(MATERIAL TO PROCESS):
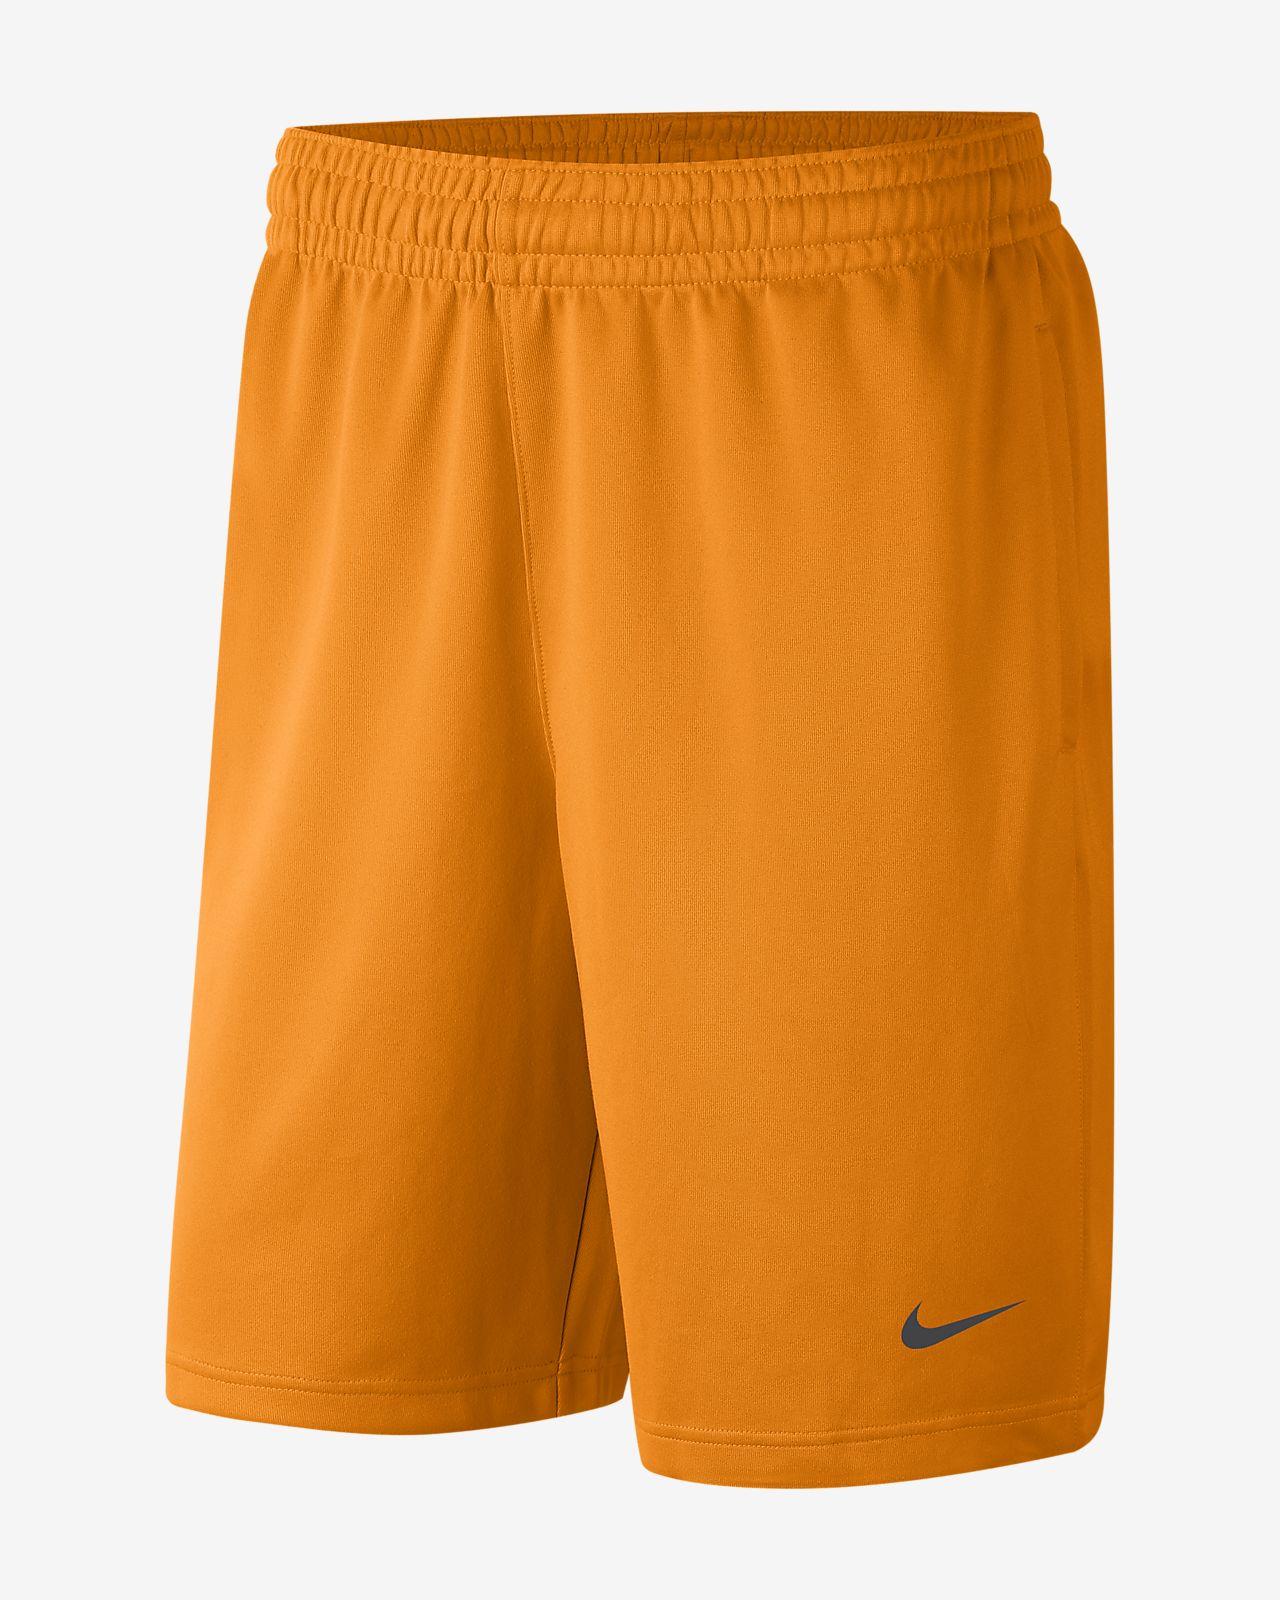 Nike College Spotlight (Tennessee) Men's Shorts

--

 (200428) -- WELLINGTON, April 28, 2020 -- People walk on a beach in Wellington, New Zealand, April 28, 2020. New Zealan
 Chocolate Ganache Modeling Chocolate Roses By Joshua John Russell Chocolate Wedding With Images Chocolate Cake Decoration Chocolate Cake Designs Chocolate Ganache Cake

---

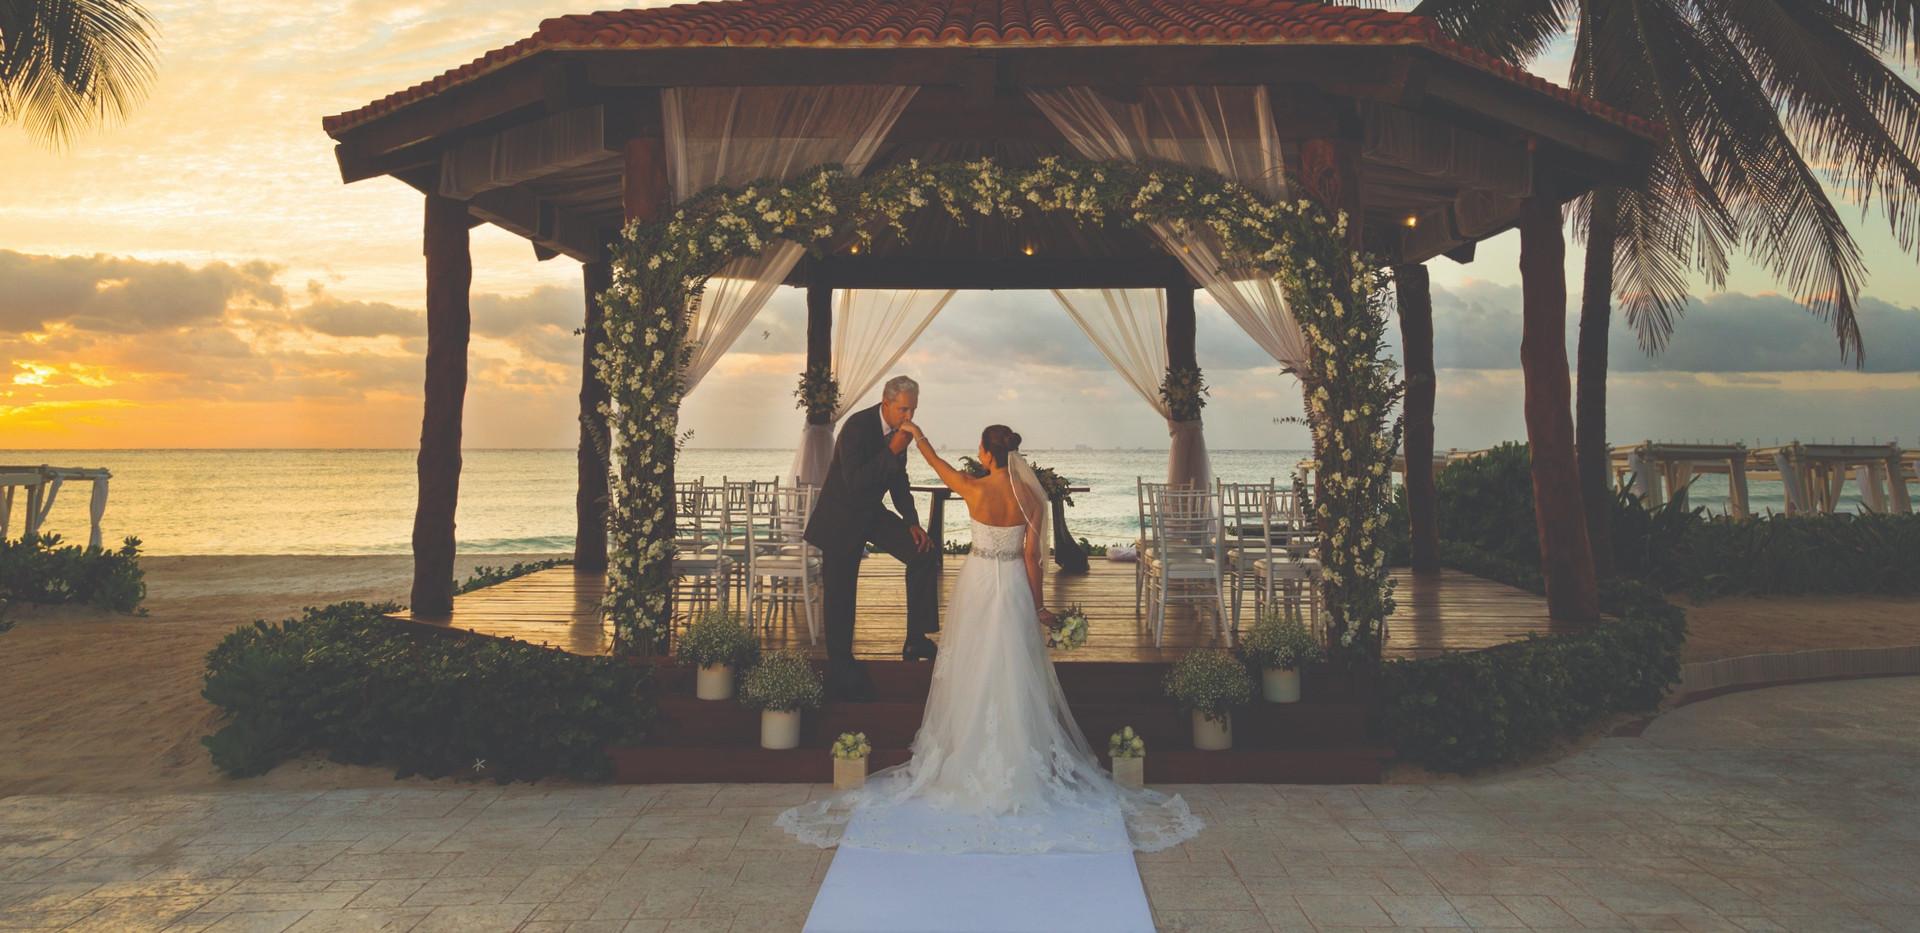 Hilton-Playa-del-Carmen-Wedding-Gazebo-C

(WHAT TO PRODUCE): Every line from the line containing "(200428) -- WELLINGTON, April" through the line containing "Chocolate Ganache Modeling" in the records above must be retyped exactly. Leave out the rest.

(SOLUTION TO THE PROBLEM):
 (200428) -- WELLINGTON, April 28, 2020 -- People walk on a beach in Wellington, New Zealand, April 28, 2020. New Zealan
 Chocolate Ganache Modeling Chocolate Roses By Joshua John Russell Chocolate Wedding With Images Chocolate Cake Decoration Chocolate Cake Designs Chocolate Ganache Cake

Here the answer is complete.